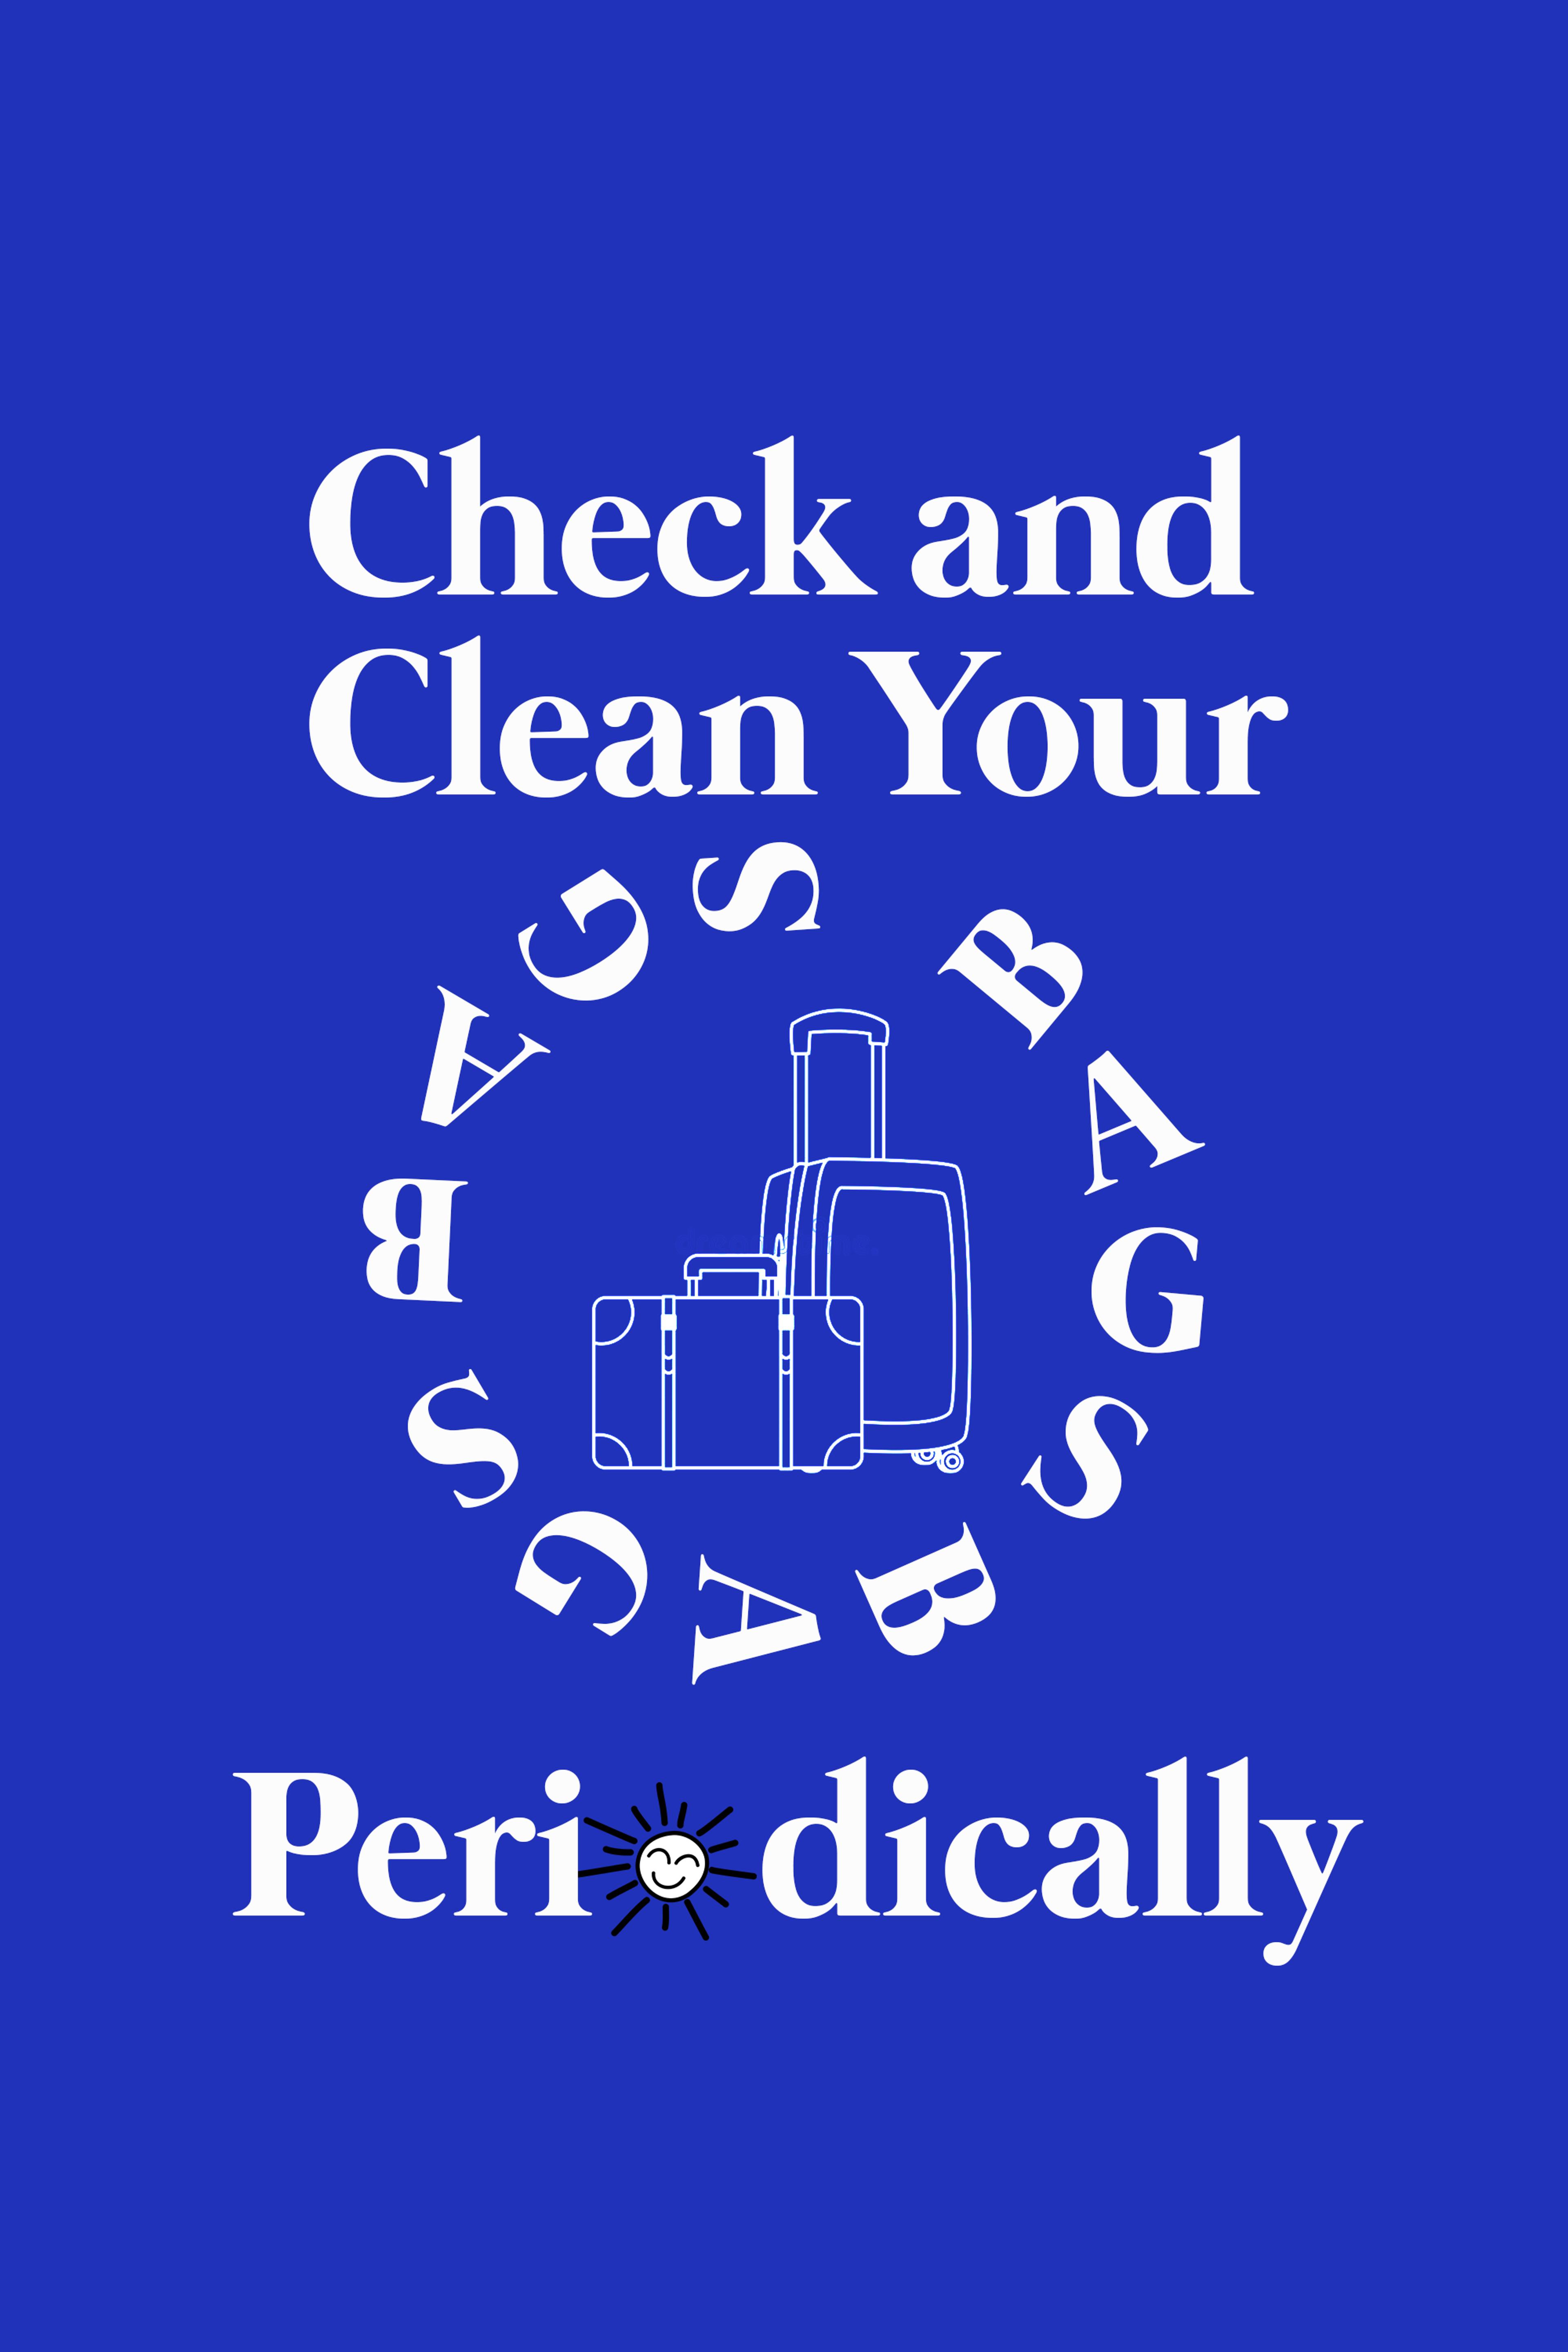 Check and Clean Your Bags Periodically
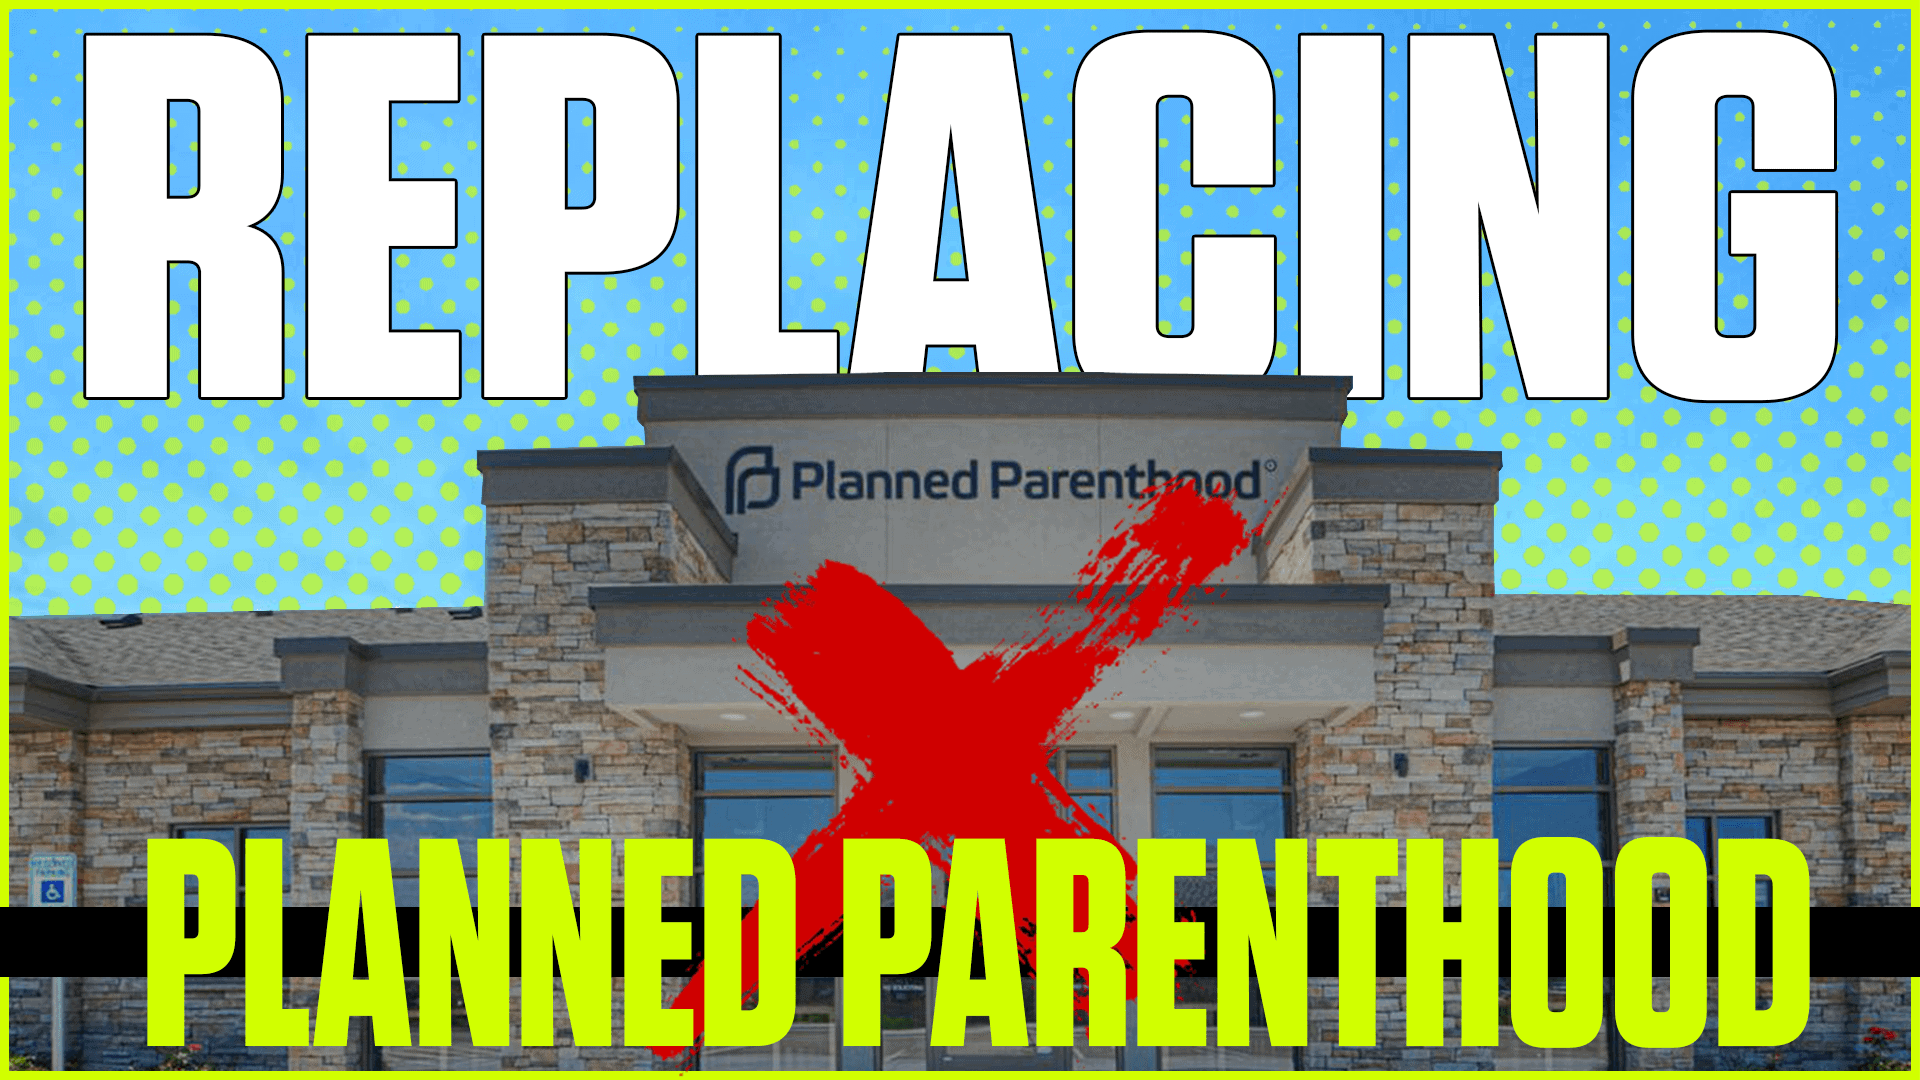 Location. Location. Location. How to Replace Planned Parenthood | Guest: Brandi Swindell | The Mark Harrington Show | 10-21-21
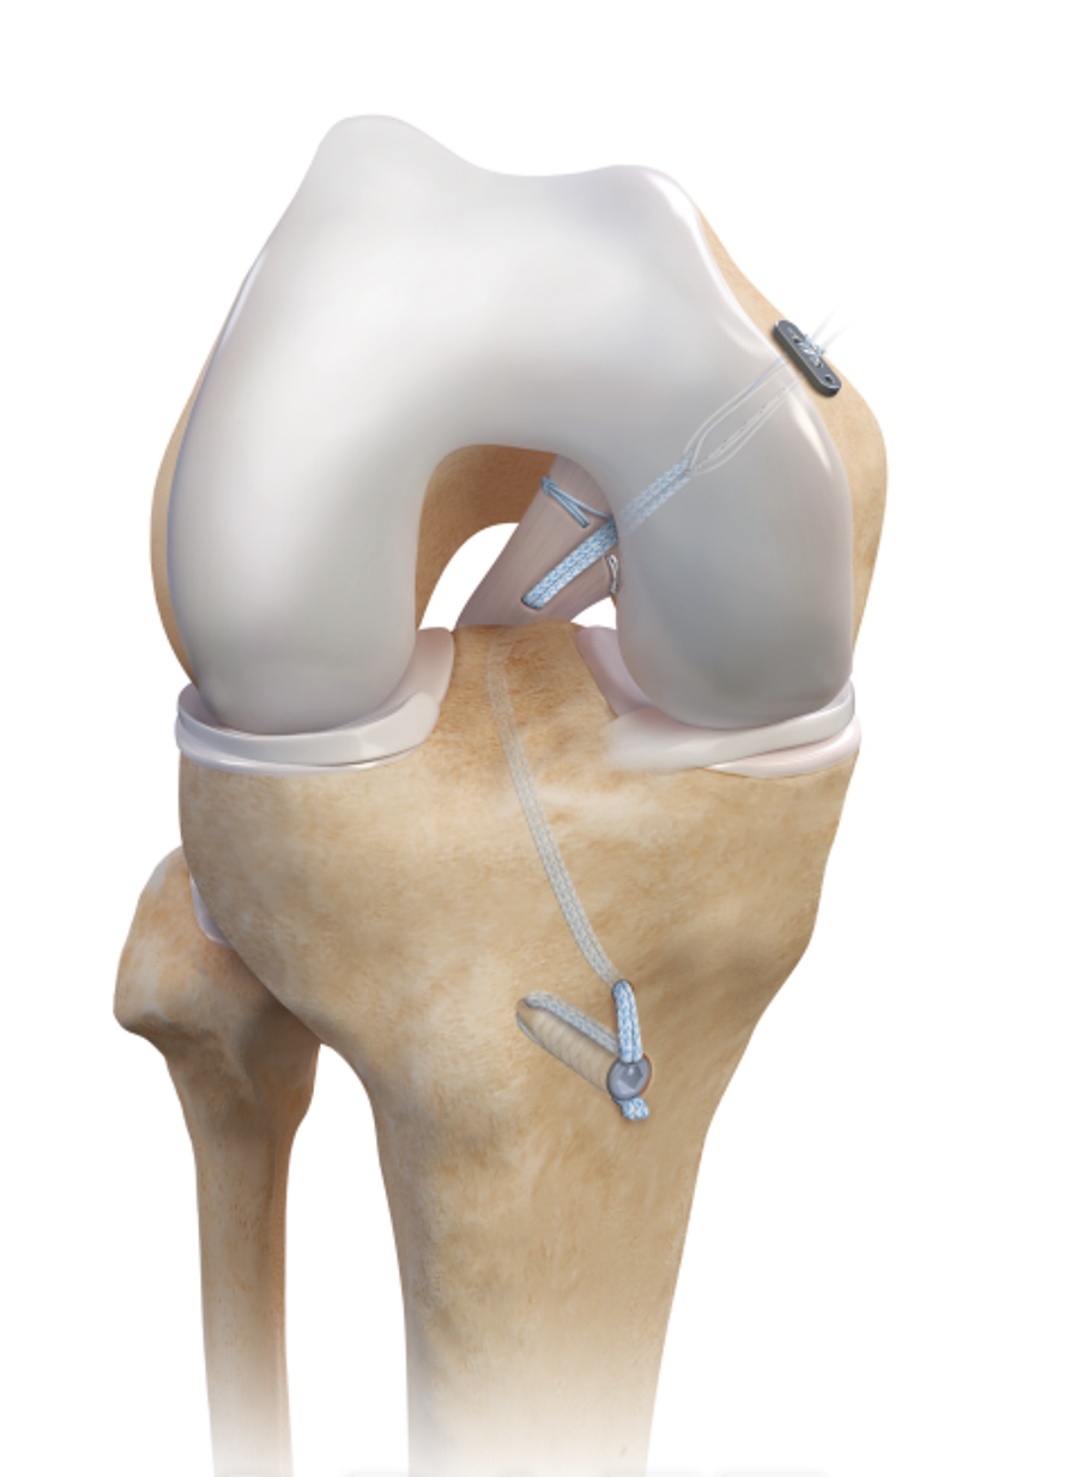 Cureus | Posterior Cruciate Ligament Repair With Suture Augmentation: A Report of Two Cases With Two-Year Follow-Up

######

■ TASK GOAL
Line by line, reproduce the material above exactly, leaving each picture out.

■ REPLY
 Check and Clean Your Bags Periodically
 Location. Location. Location. How to Replace Planned Parenthood | Guest: Brandi Swindell | The Mark Harrington Show | 10-21-21
 Cureus | Posterior Cruciate Ligament Repair With Suture Augmentation: A Report of Two Cases With Two-Year Follow-Up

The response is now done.